The goal of the surgeon is to elucidate the sites of obstruction. There is ongoing controversy in the accuracy of various methods used to assess the possible sites of obstruction as there are a variety of methods that are used in this evaluation. This includes cephalometric analysis, in-office fiberoptic nasopharyngoscopy and Mallampati classification.8 However, these assessments have inherent issues with reliability and various biases such as inter-observer differences. There are significant soft tissue changes that dynamically alters the upper airway with changes in position and sleep-awake states that alter muscle tone. Therefore, it is believed that the best evaluation of the upper airway is in supine position. This thought has led to the use of the Muller maneuver, sleep endoscopy and others.9-11

The goal of ridding the need for CPAP is not always achievable when considering surgery. Therefore, it is crucial that a surgical consultation details specific goal and end-points. If patients are able to tolerate their CPAP machine after the surgery, and this was a treatment goal established prior to surgery, then surgery was successful. If surgery failed to provide a previously established goal of total relief in mild OSA, then the patient will continue to live with OSA, albeit mild, which may go untreated. This group of patients may have been noncompliant with CPAP therapy, but may show improved compliance if they undergo a new CPAP trial.

The successful surgical treatment of OSA is highly dependent on the availability of a multi-disciplinary approach to ensure congruency throughout the path of each patient’s journey from evaluation to treatment end-point, being surgical or non-surgical modalities. This interdisciplinary team approach maximizes treatment efficiency and outcomes by capitalizing on the unique expertise of each subspecialty member. These members may include a board-certified sleep specialist, an otolaryngologist and an oral & maxillofacial surgeon.

In patients who have a chief complaint of snoring without the presence of OSA, there are multiple nonsurgical options available. These include Pillar procedure, injection somnoplasty, radiofrequency ablation of the inferior turbinates, soft palate or base of tongue reduction. These procedures have also been shown to improve mild to moderate OSA.12

As the use of current surgical options become more focused in their selection and application, the outcomes will gradually improve for OSA patients undergoing surgery.
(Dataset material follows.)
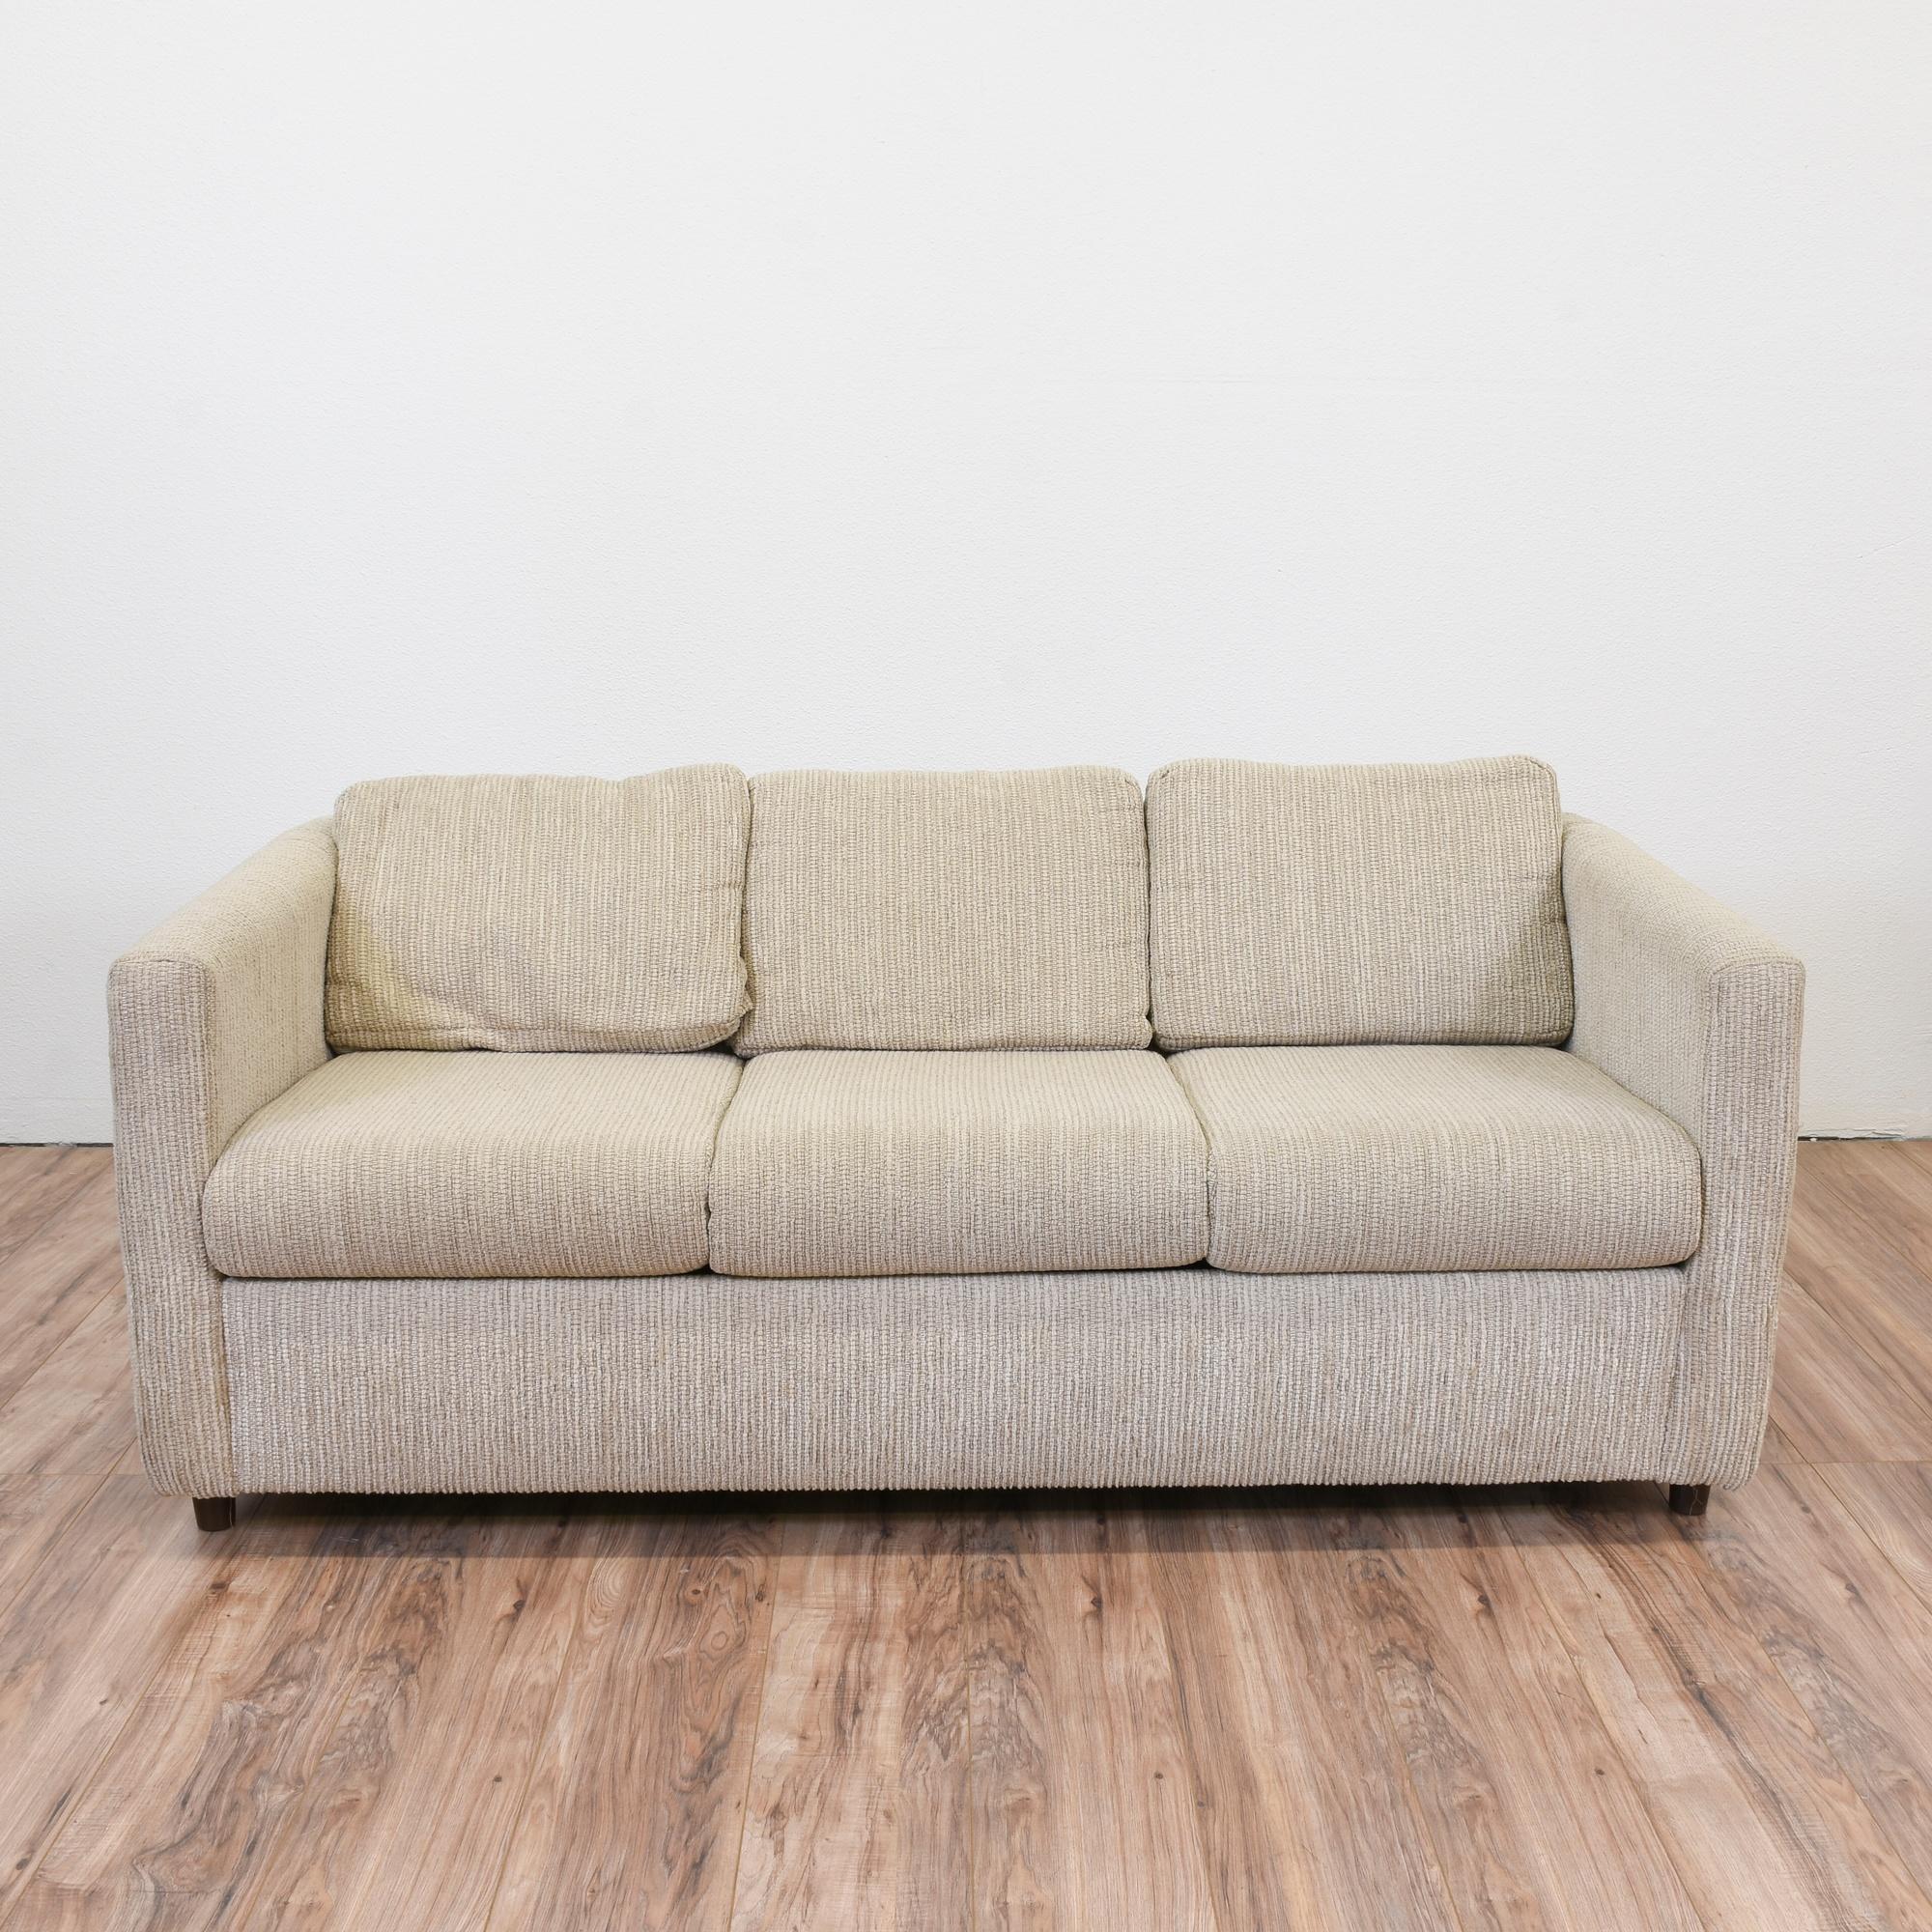 Beige Corduroy Sleeper Sofa | Loveseat Vintage Furniture San Diego

However, future conservative and surgical therapies on the horizon may well serve to supplement the success of the current options. These future therapies will likely involve less invasive modalities with the use of robotics, hypoglossal nerve stimulation, and the use of nasal expiratory positive airway pressure (EPAP) as an alternative to CPAP therapy.13-19

The treatment of OSA is an evolving specialty practice which is best performed via a multidisciplinary approach. Surgical therapy requires an understanding of the intricate dynamics of the upper airway and the variety of available surgical options and techniques. Multi-level surgery is often required to tailor the most effective surgical plan for each patient. Future options for OSA treatment will span medical and surgical management options including the use of robotic technology to improve access and postoperative recovery.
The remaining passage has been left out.